Background: CKX genes encode cytokinin dehydrogenase enzymes (CKX), which metabolize cytokinins in plants and influence developmental processes. The genes are expressed in different tissues and organs during development; however, their exact role in barley is poorly understood. It has already been proven that RNA interference (RNAi)-based silencing of HvCKX1 decreased the CKX level, especially in those organs which showed the highest expression, i.e. developing kernels and roots, leading to higher plant productivity and higher mass of the roots [1]. The same type of RNAi construct was applied to silence HvCKX2 and analyze the function of the gene.

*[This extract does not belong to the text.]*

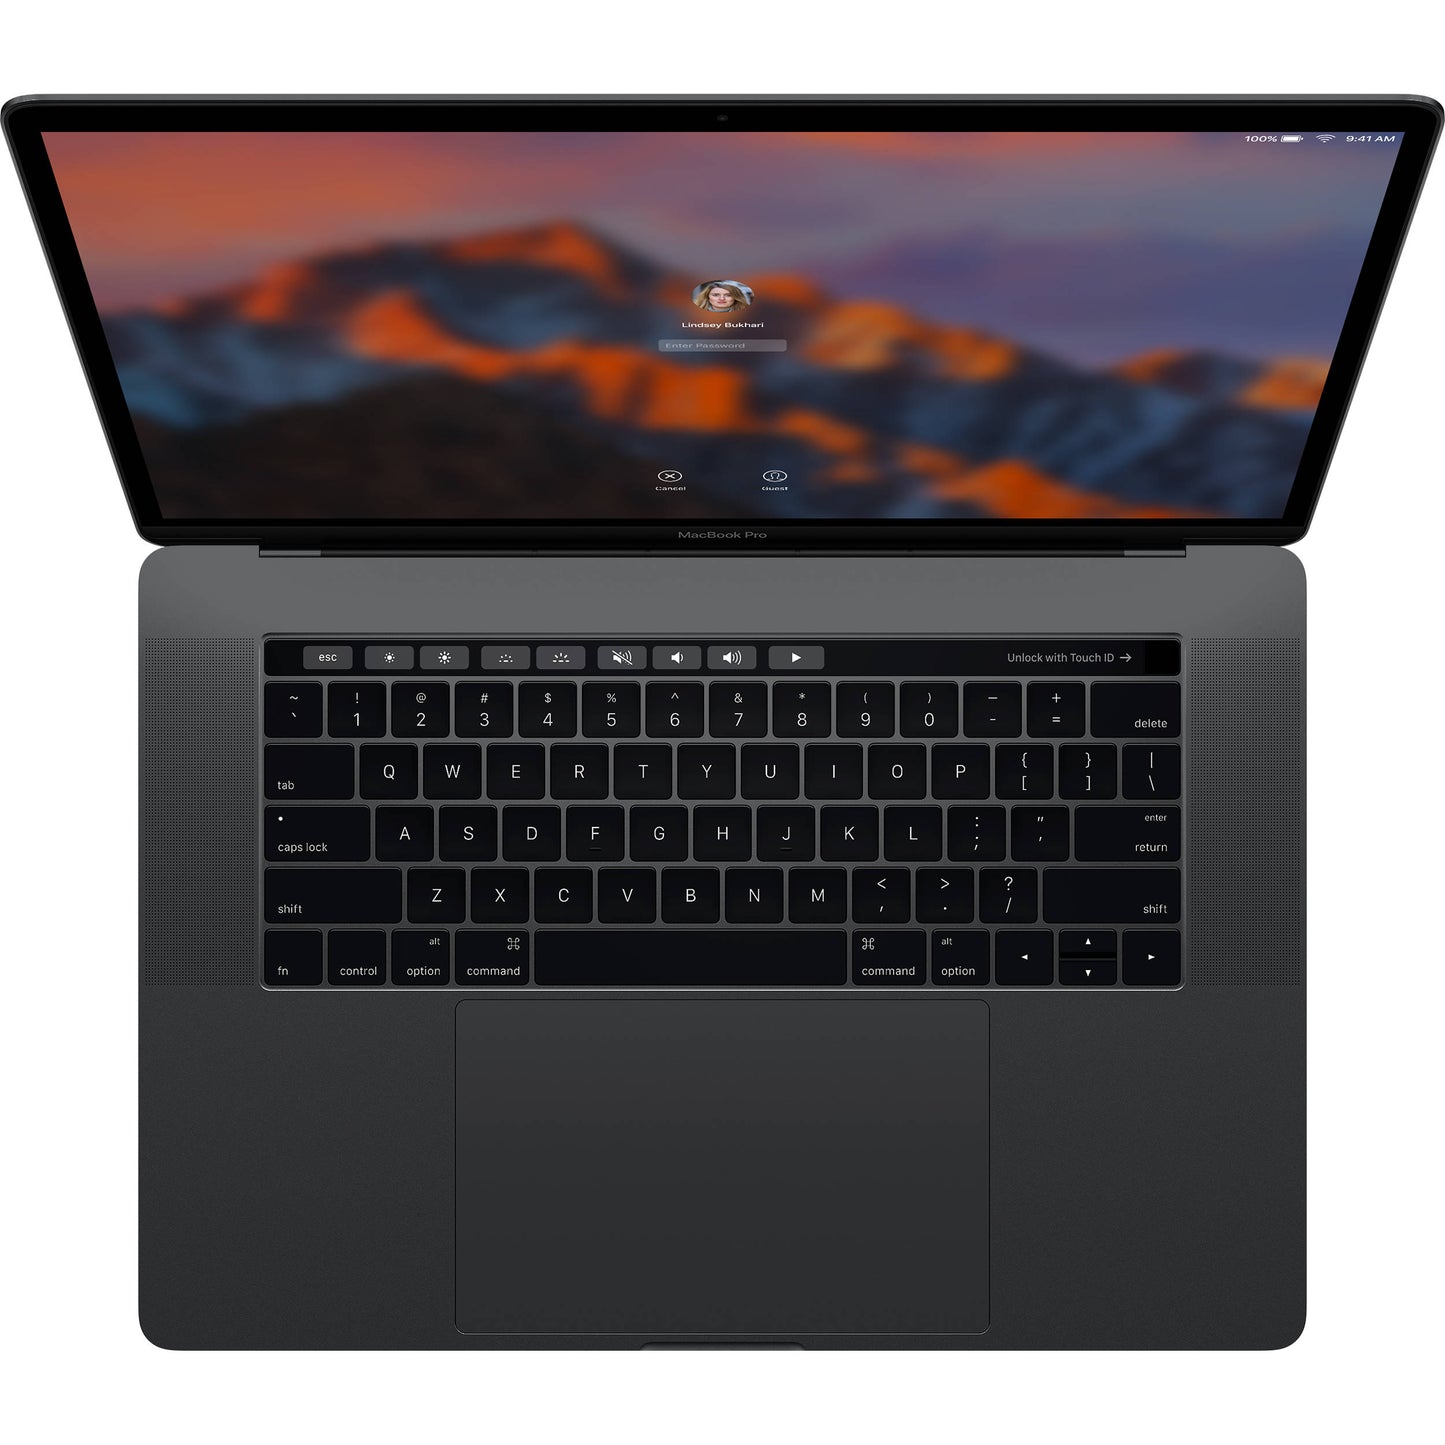 apple-late-2016-15.4-inch-macbook-pro-touchbar-a1707-space-gray-qci7 - 2.6ghz processor, 16gb ram, pro 450 - 2gb gpu-mlh32ll/a-2

Two cultivars of barley were transformed with the same silencing and selection cassettes by two different methods: biolistic and via Agrobacterium.

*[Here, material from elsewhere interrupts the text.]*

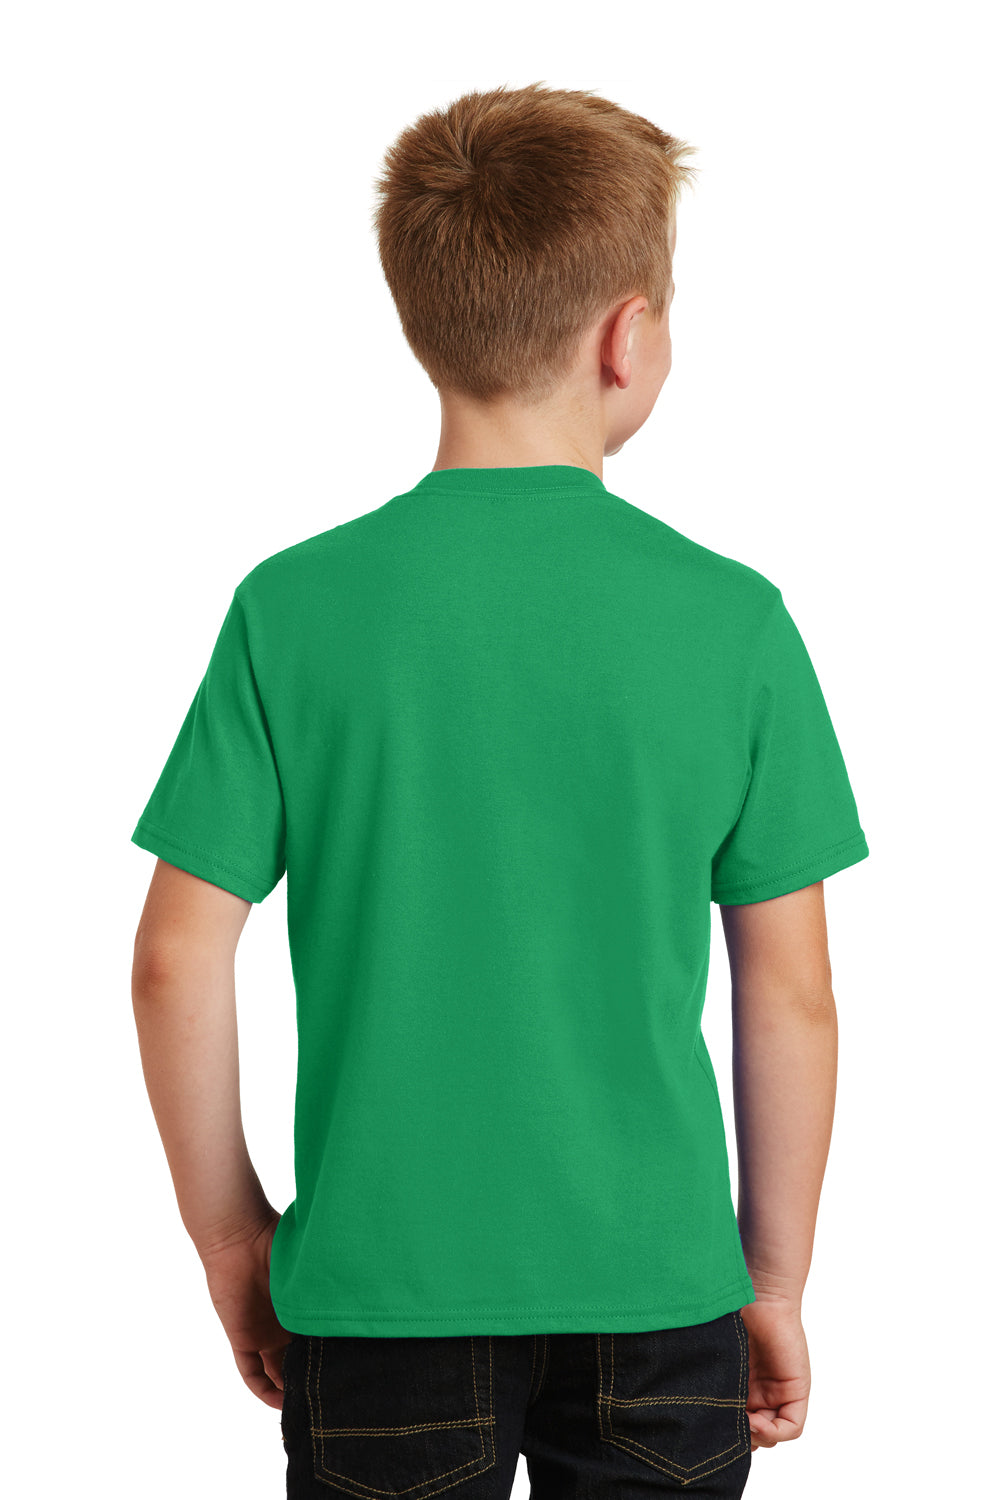 Port & Company PC450Y Youth Fan Favorite Short Sleeve Crewneck T-Shirt Kelly Green Back

Results: The mean Agrobacterium-mediated transformation efficiency of Golden Promise was 3.47% (±2.82). The transcript level of HvCKX2 in segregating progeny of T(1) lines was decreased to 34%. The reduction of the transcript in Agrobacterium-derived plants resulted in decreased CKX activity in the developing and developed leaves as well as in 7 DAP (days after pollination) spikes. The final phenotypic effect was increased productivity of T(0) plants and T(1) lines. Higher productivity was the result of the higher number of seeds and higher grain yield. It was also correlated with the higher 1000 grain weight, increased (by 7.5%) height of the plants and higher (from 0.5 to 2) numbers of spikes. The transformation efficiency of Golden Promise after biolistic transformation was more than twice as low compared to Agrobacterium. The transcript level in segregating progeny of T(1) lines was decreased to 24%. Otherwise, the enzyme activity found in the leaves of the lines after biolistic transformation, especially in cv. Golden Promise, was very high, exceeding the relative level of the control lines. These unbalanced ratios of the transcript level and the activity of the CKX enzyme negatively affected kernel germination or anther development and as a consequence setting the seeds. The final phenotypic effect was the decreased productivity of T(0) plants and T(1) lines obtained via the biolistic silencing of HvCKX2.

Conclusion: The phenotypic result, which was higher productivity of silenced lines obtained via Agrobacterium, confirms the hypothesis that spatial and temporal differences in expression contributed to functional differentiation. The applicability of Agrobacterium-mediated transformation for gene silencing of developmentally regulated genes, like HvCKX2, was proven. Otherwise low productivity and disturbances in plant development of biolistic-silenced lines documented the unsuitability of the method. The possible reasons are discussed.


Figure 1
Figure 1
A, B. Relative HvCKX2 transcript accumulation in 7 DAP spikes of T1plants after biolistic (A) and Agrobacterium-mediated transformation (B).
Figure 2
Figure 2
Spikelets with the anthers in control 1/1 plant (first left; A, B) following biolistic-silenced 5/1, 5/2, 5/3 T1plants (A) and in control 1/2 plant following 5/4, 5/5, 5/6 T1plants (B). 5/1 – 5/6 plants are the progeny from T05 plant.
Figure 3
Figure 3
The schematic structure of Ubi-intron/bar selection cassette and silencing cassette for silencing of HvCKX2 gene via Agrobacterium and biolistic method.